The key fact that he's using without clearly stating it is that a uniformly continuous function on a dense subset of a metric space uniquely extends to a uniformly continuous function on the full metric space. If Evans assumed that $u$ were uniformly continuous on all of $U$, then the density of $U$ in $\bar{U}$ would give us the extension of $u$ to $\partial U$ immediately. However, he only assumes the local uniform continuity condition, so we need to do a bit more work. The idea is that if we fix a point $p \in \partial U$ and consider the ball $B(p,r)$, then $U \cap B(p,r)$ is dense in $\bar{U} \cap B(p,r)$, and our function $u$ is uniformly continuous in the former set by assumption. So, we can extend it uniquely to a continuous function on $\bar{U} \cap B(p,r)$, which in particular allows us to uniquely assign values to $u$ on $\partial U \cap B(p,r)$. This works for all $p \in \partial U$, and so we can uniquely extend $u$ to $\partial U$ using this trickery, and the resulting extension is continuous.
On the other hand, you can ask about the space
$$
\dot{C}(\bar{U}) = \{u : \bar{U} \to \mathbb{R} \;\vert\; u \text{ is continuous on } \bar{U}\}
$$
(I've added the dot to distinguish this from his space). We've just seen that any $u \in C(\bar{U})$ (his space) uniquely extends to define an element of $\dot{C}(\bar{U})$. On the other hand, any $u \in \dot{C}(\bar{U})$ restricted to $U$ defines an element of $C(\bar{U})$ since $u$ will be uniformly continuous on compact subsets of $\bar{U}$, and any bounded subset of $U$ will be contained in such a compact subset.

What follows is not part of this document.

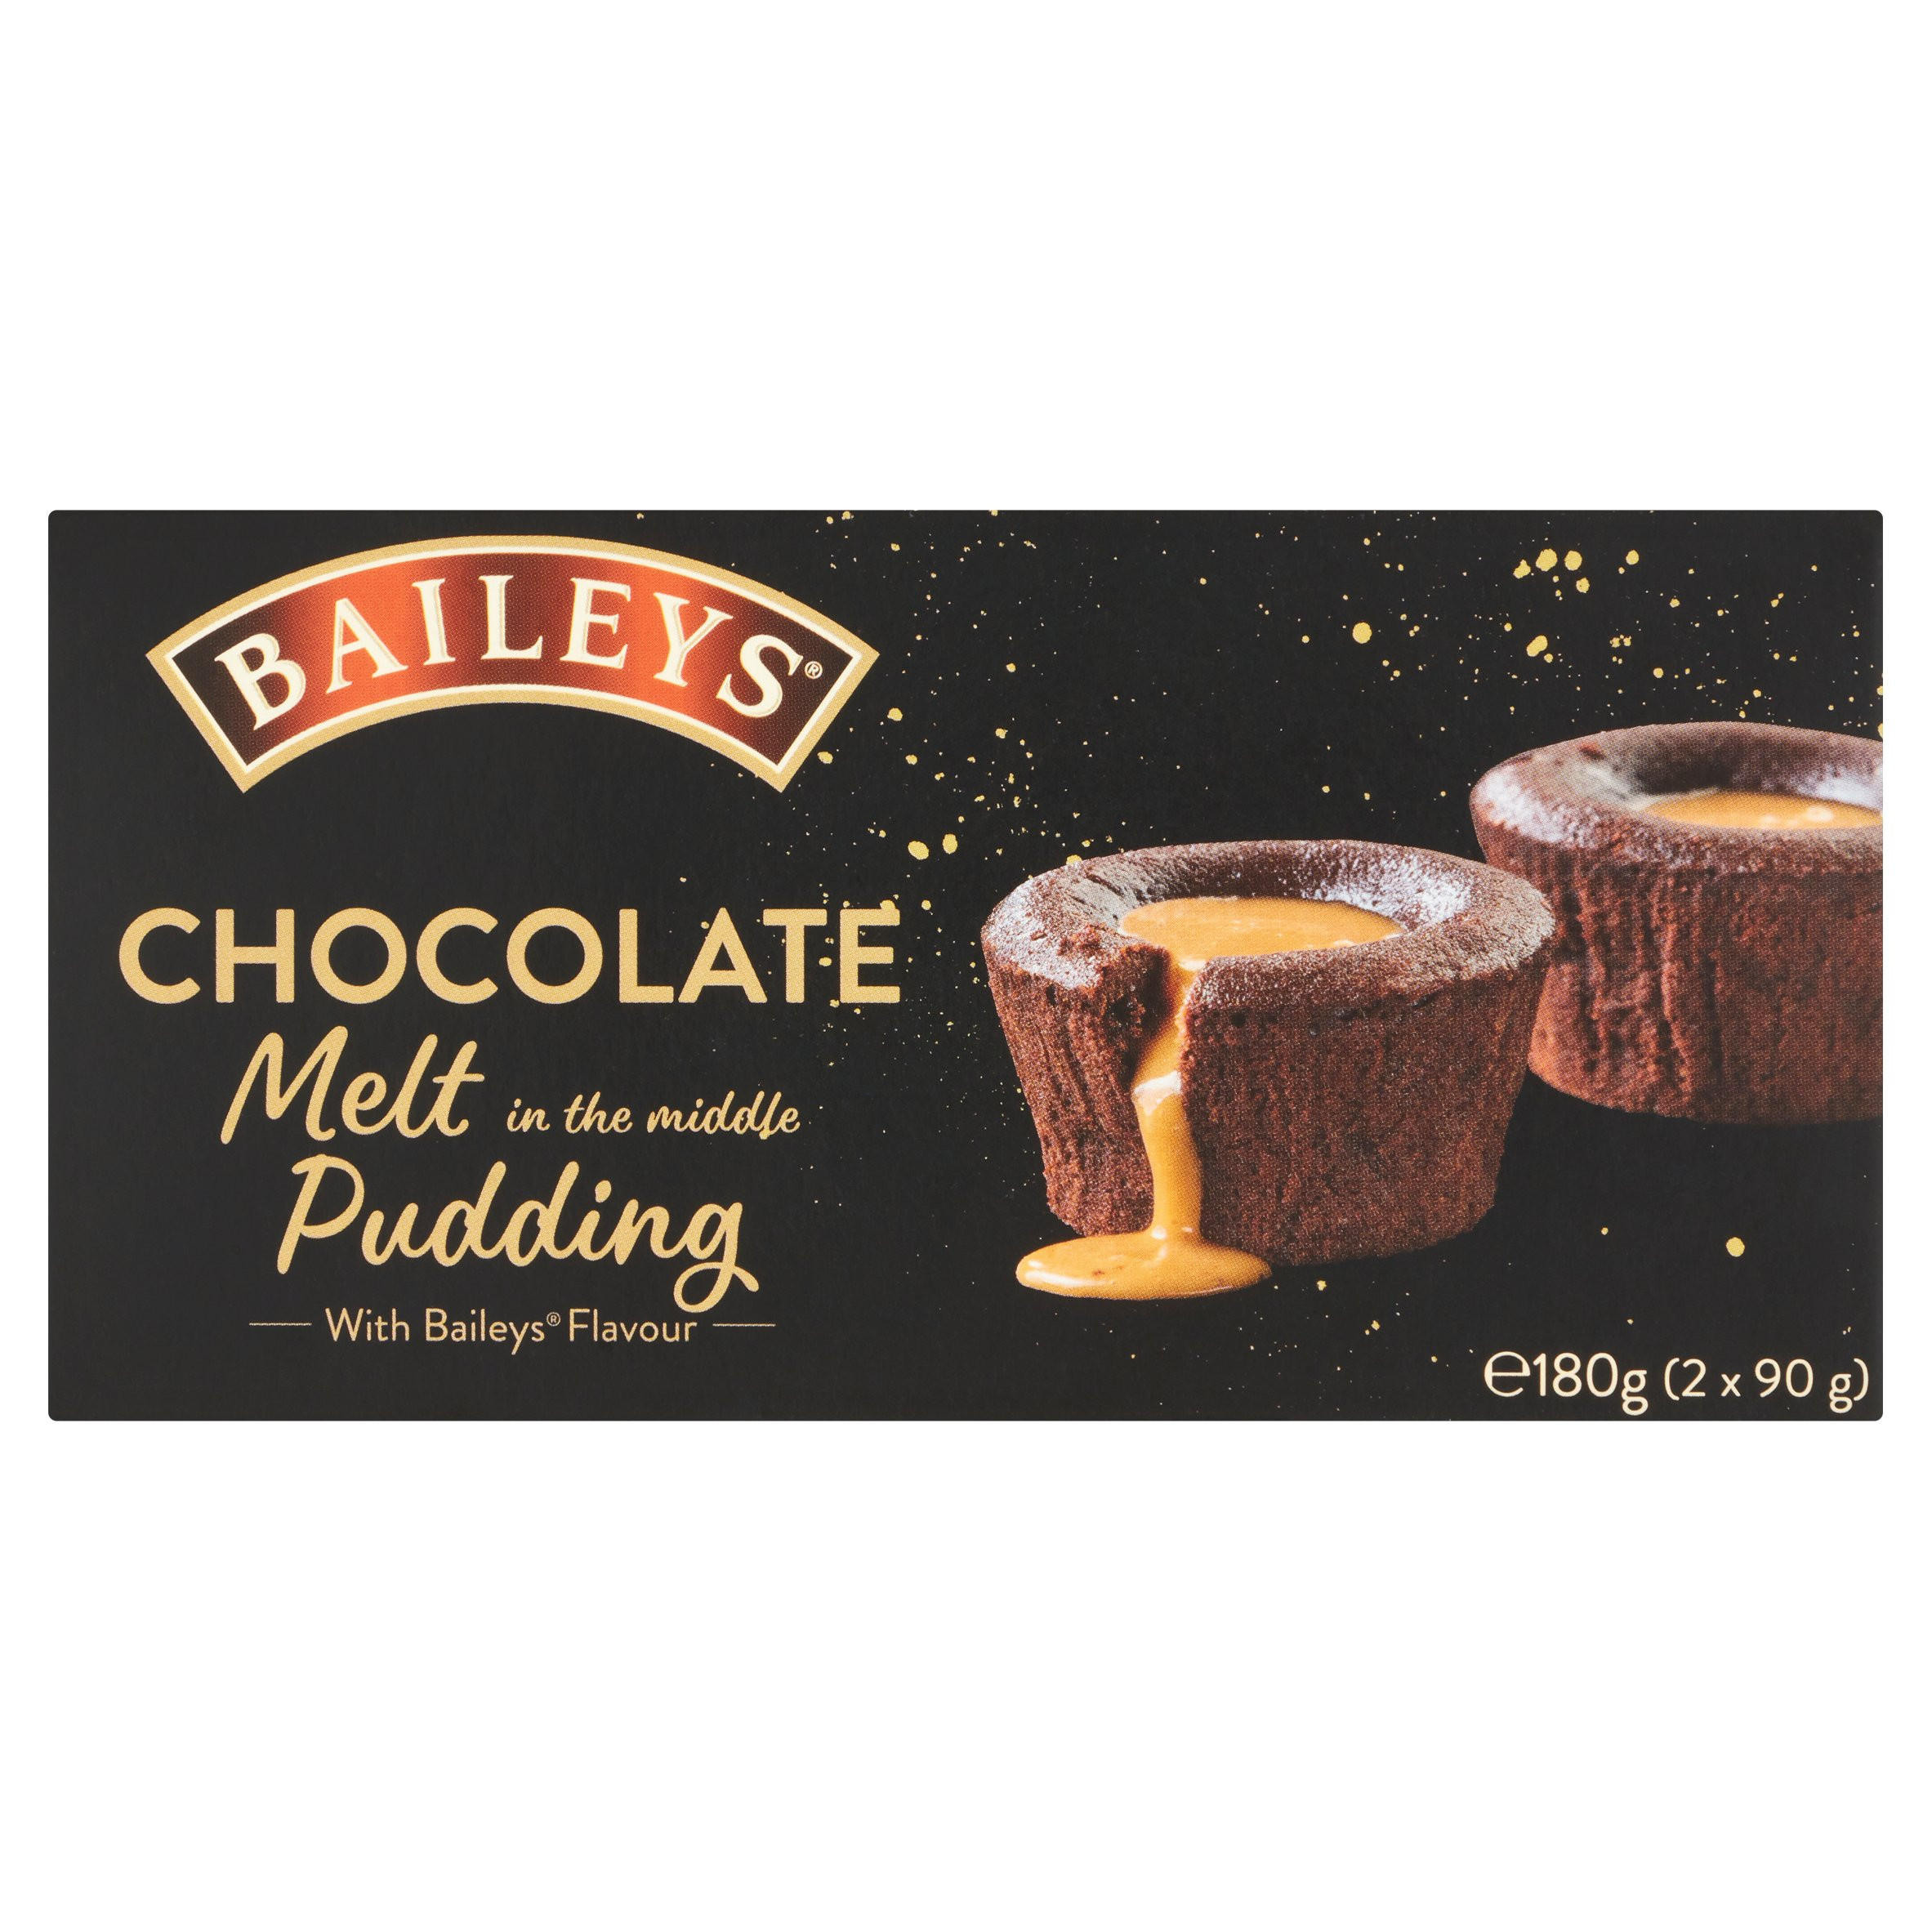 Baileys Chocolate Melt in the Middle Pudding 2 x 90g (180g)
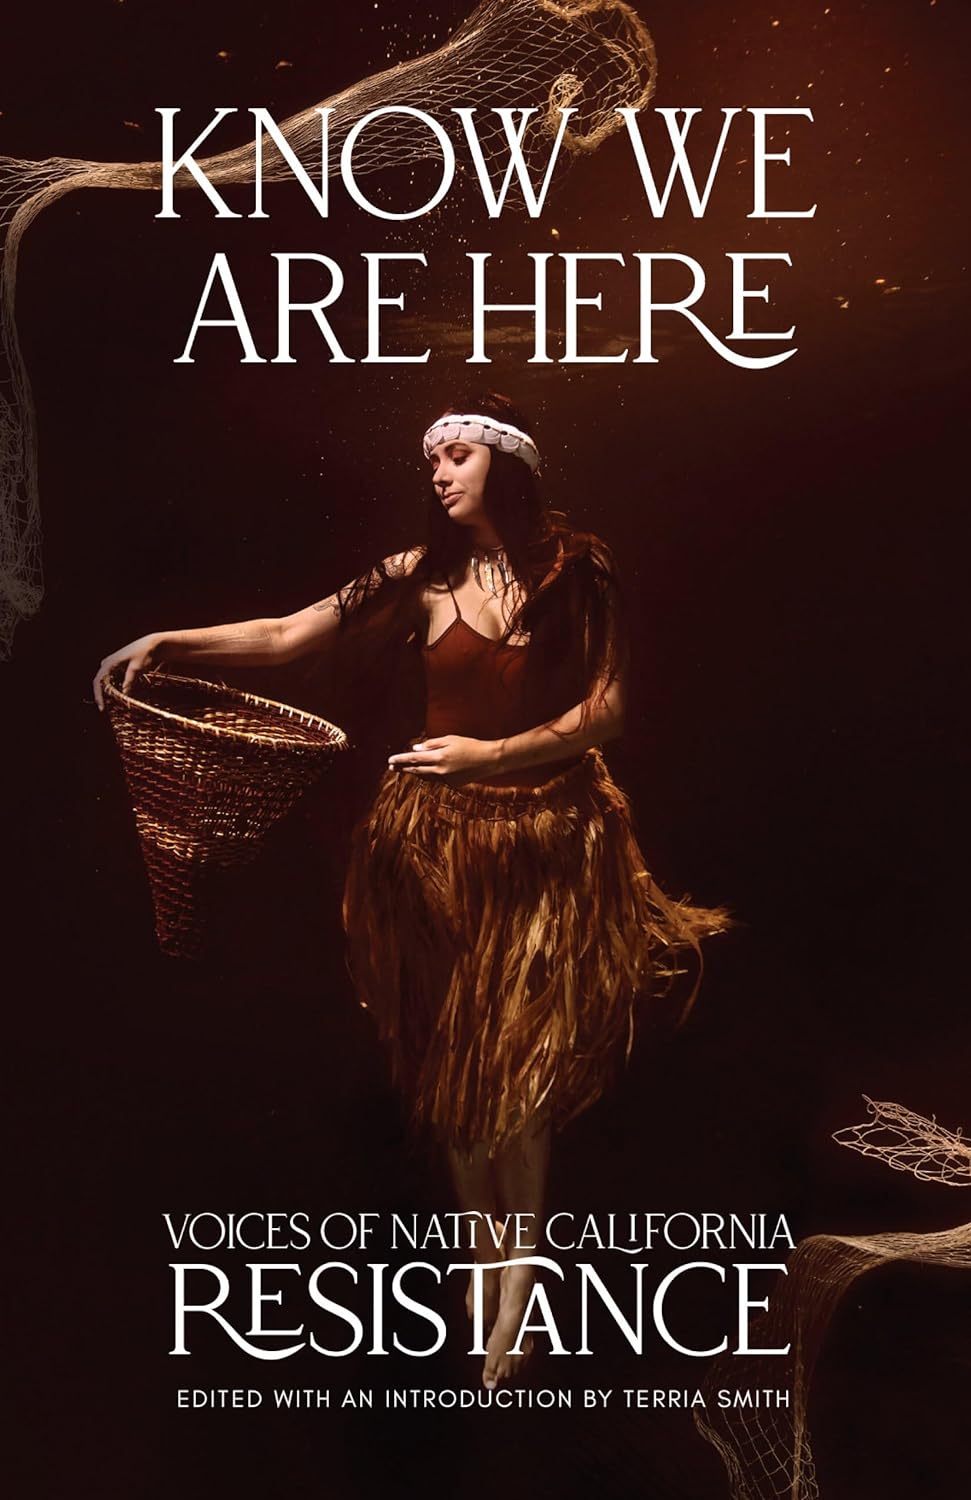 Know We Are Here: Voices of Native California Resistance edited by Terria Smith

Ultimately, what we've done is built a linear extension isomorphism (you can check easily that it's linear) $E : C(\bar{U}) \to \dot{C}(\bar{U})$, and a linear restriction isomorphism $R: \dot{C}(\bar{U}) \to C(\bar{U})$ such that $ER = I$ and $RE = I$. In other words, these spaces are naturally isomorphic via these extension and restriction processes. So, what's the point? In some sense the space $C(\bar{U})$ is preferable because it only requires the functions involved to be defined on $U$. This means that statements like $W^{k,p}(U) \hookrightarrow C(\bar{U})$ (for appropriate Sobolev parameters $k,p$) are slightly more natural because the functions in the Sobolev space are only defined on $U$ a priori. If we were to write $W^{k,p}(U) \hookrightarrow \dot{C}(\bar{U})$, then there would be a slight abuse of notation in that the functions in the first space are only defined a priori in the smaller space $U$. This isn't a big deal, as we've seen above with $E$, and many texts simply gloss over this issue and take the statement $W^{k,p}(U) \hookrightarrow \dot{C}(\bar{U})$ to mean
$$
W^{k,p}(U) \hookrightarrow C(\bar{U}) \xrightarrow{E} \dot{C}(\bar{U}).
$$
EDIT: Here is a proof of the claim that $U \cap B(p,r)$ is dense in $\bar{U} \cap B(p,r)$ in any metric space. Let $\varepsilon >0$ and pick a point $y \in \bar{U} \cap B(p,r)$. We know that $\bar{U} = U \cup \partial U$. If $y \in U \cap B(p,r)$, then we simply pick $x = y \in U \cap B(p,r)$ and note that $d(x,y) = 0 < \varepsilon$. Suppose, then, that $y \in \partial U \cap B(p,r)$. By definition of the boundary, we can pick $x \in U \cap B(y,s)$ for $s = \min\{\varepsilon, r-d(y,p) \}$. Then, certainly, $d(x,y) < s \le \varepsilon$, but also $d(x,p) \le d(x,y) + d(y,p) < s + d(y,p) \le r$, so $x \in U \cap B(p,r)$. We have now shown that for every $y \in \bar{U} \cap B(p,r)$ and $\varepsilon >0$ there exists $x \in U \cap B(p,r)$ such that $d(x,y) < \varepsilon$, so $U \cap B(p,r)$ is dense in $\bar{U} \cap B(p,r)$.